On a skid, the platform or deck rests on runners (also called stringers or skids) that make up the foundation of the skid. In other words, skids rest on the ground (or floor) on their stringers, like a sled sitting on its runners. In fact, most people call the stringers on a skid “runners,” and the term sled or sledge is often used to describe skids used to move freight.
At this point, it might be useful to take a look at the video below to understand the difference in construction.
As you probably already know, the terms skid and pallet are often used interchangeably in industrial packaging and logistics applications. As you’ve seen in the video above, there are some very specific differences between pallets and skids. Essentially, the skid was the first type of pallet ever invented or used. That means that using the two terms interchangeably is mostly correct, but it’s important to understand the ideal uses and limitations of each.
Skids generally lack the strength, durability, and stability needed for long-term warehouse purposes. When a palletized load will be repeatedly loaded and unloaded, the torque of moving the load and using a forklift puts a lot of strain on a pallet or skid. The bottom deck boards allow pallets to manage that torque and stabilize the load, but the same stress may cause skids to fail. The missing bottom deck boards simply make skids less stable from a packaging design perspective.
Skids make an ideal foundation for heavy machinery. They allow the machinery to be transported from the manufacturer to its final destination and can serve as a permanent foundation once it arrives. The skid keeps the machinery, such as an industrial HVAC unit, off the ground. A skid also allows heavy equipment to be pulled into the proper position, something that doesn’t work very well with a pallet. Essentially, a skid is often used as a permanent foundation with the advantage of being mobile when necessary.
Custom skids can be designed to use the right materials and engineered for your particular product usage, transportation needs, weight, and intent of use. Manufacturers using skids as a permanent foundation for their products often custom design skids to meet their specific needs.
There are other times when a skid is the best option because it saves on materials.

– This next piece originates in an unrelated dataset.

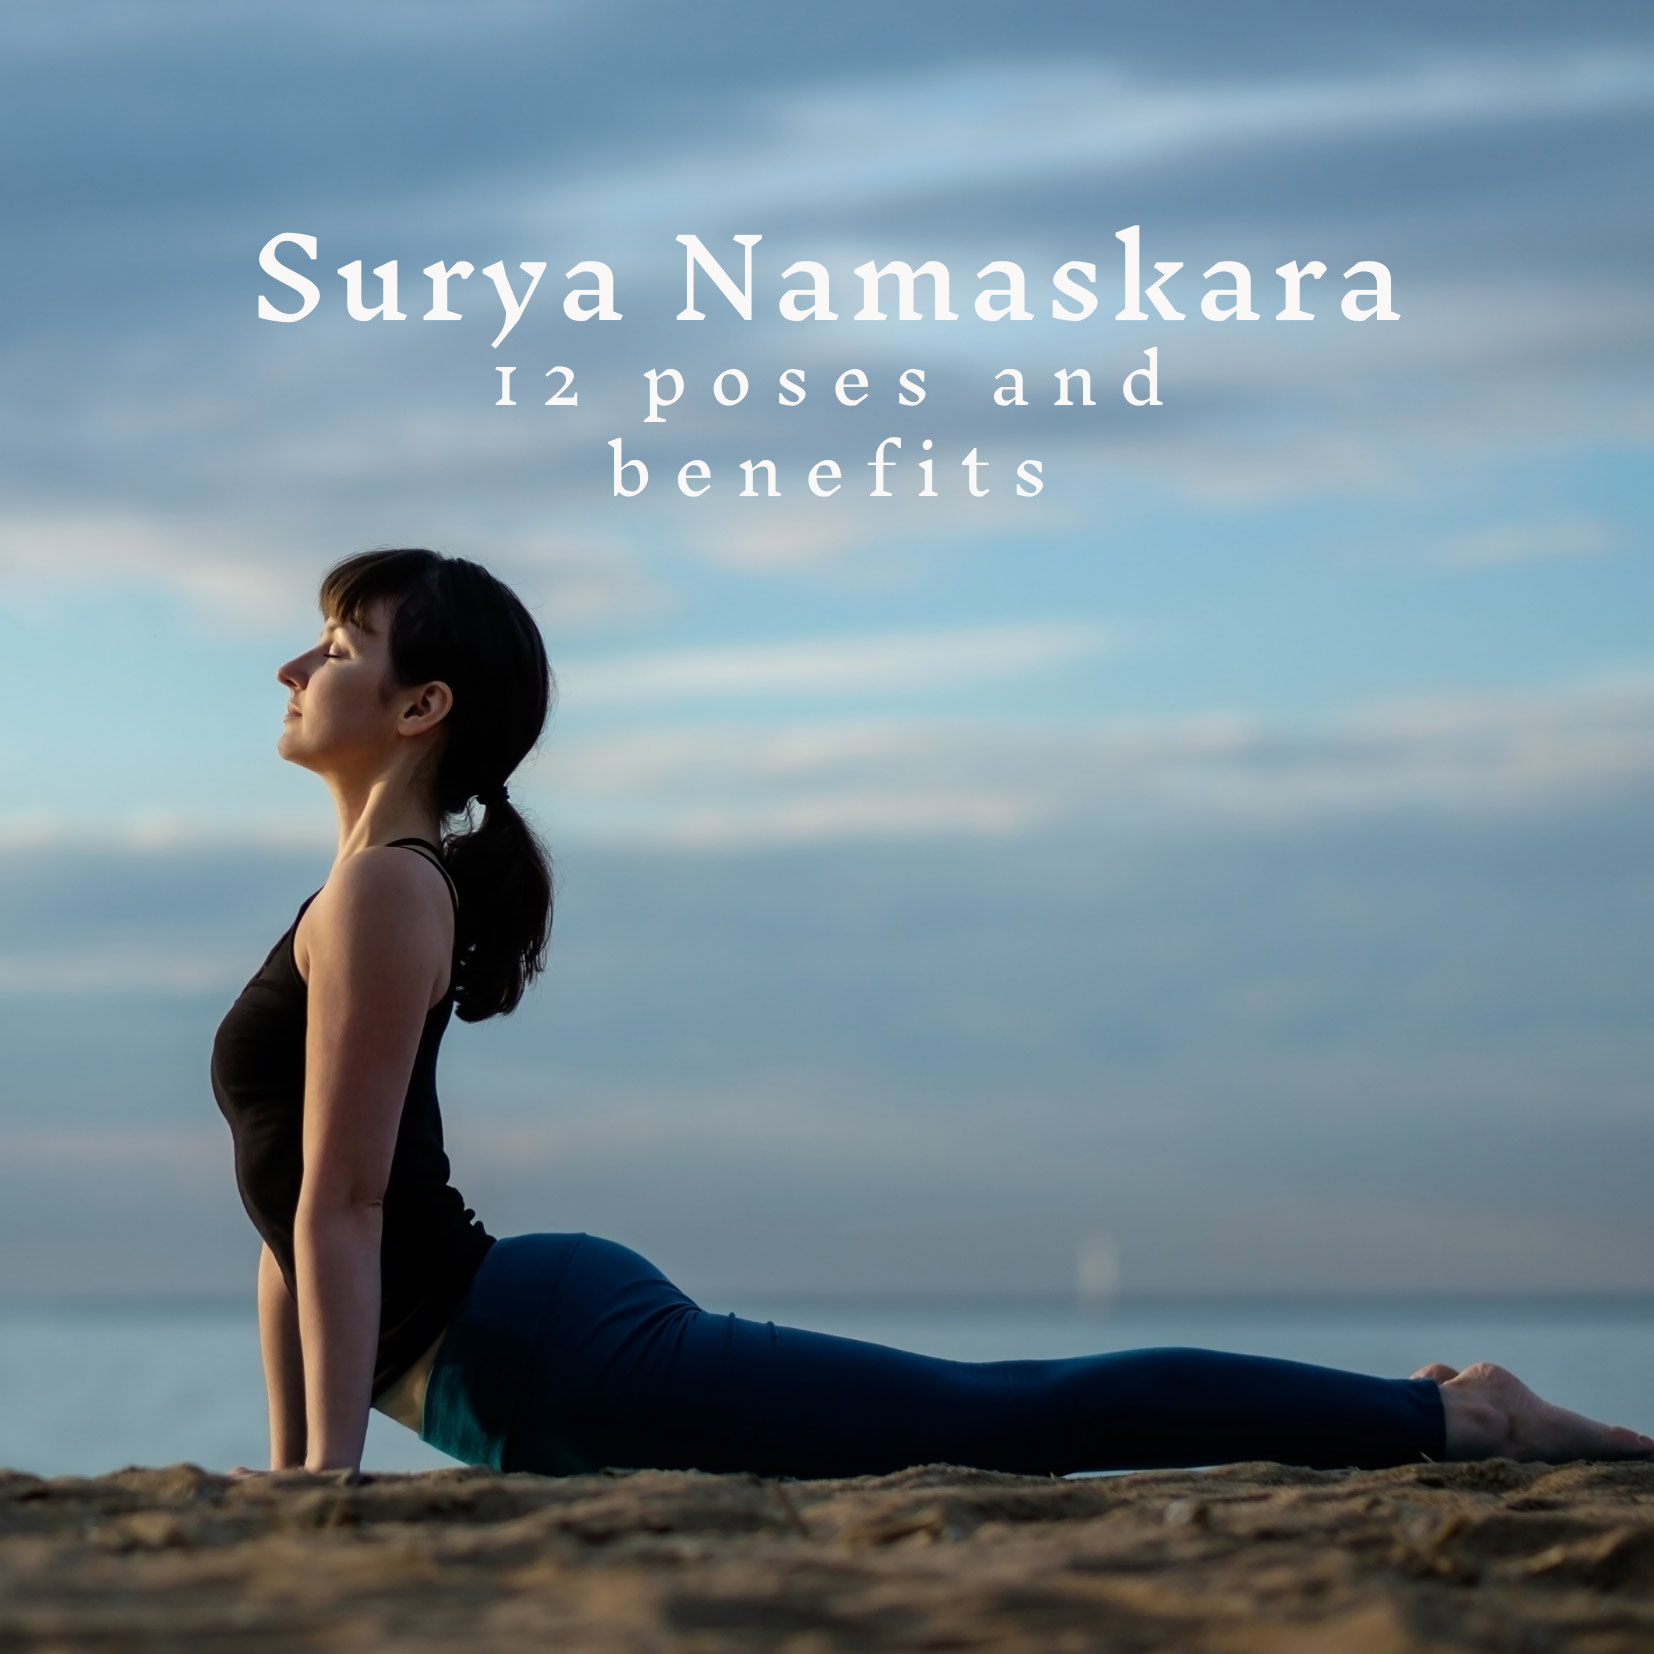 Postures of Surya Namaskar. | Download Scientific Diagram

One example of this is when a skid is used for very heavy items that will only be moved once. The agricultural industry uses skids for things like stone, brick, cement, and even sod. We’ve also seen skids used to transport steel and metal. The idea here is that these types of items need the least expensive packaging possible to get the product to its end-user, and skids can be less expensive since they lack bottom deck boards. These are the kinds of considerations you need to take into account when you’re determining your total cost of packaging.
Now you know the answer to the question, “What is a skid?” Although the terms pallet and skid are often used interchangeably, there are clear differences that will help you make a determination as to whether your products would be better suited to one or the other. For most manufacturers, the pallet is going to be your best bet, but there are definitely situations where a skid would be better.
The skid is an important part of our industrial packaging industry and still serves an important function in material handling today.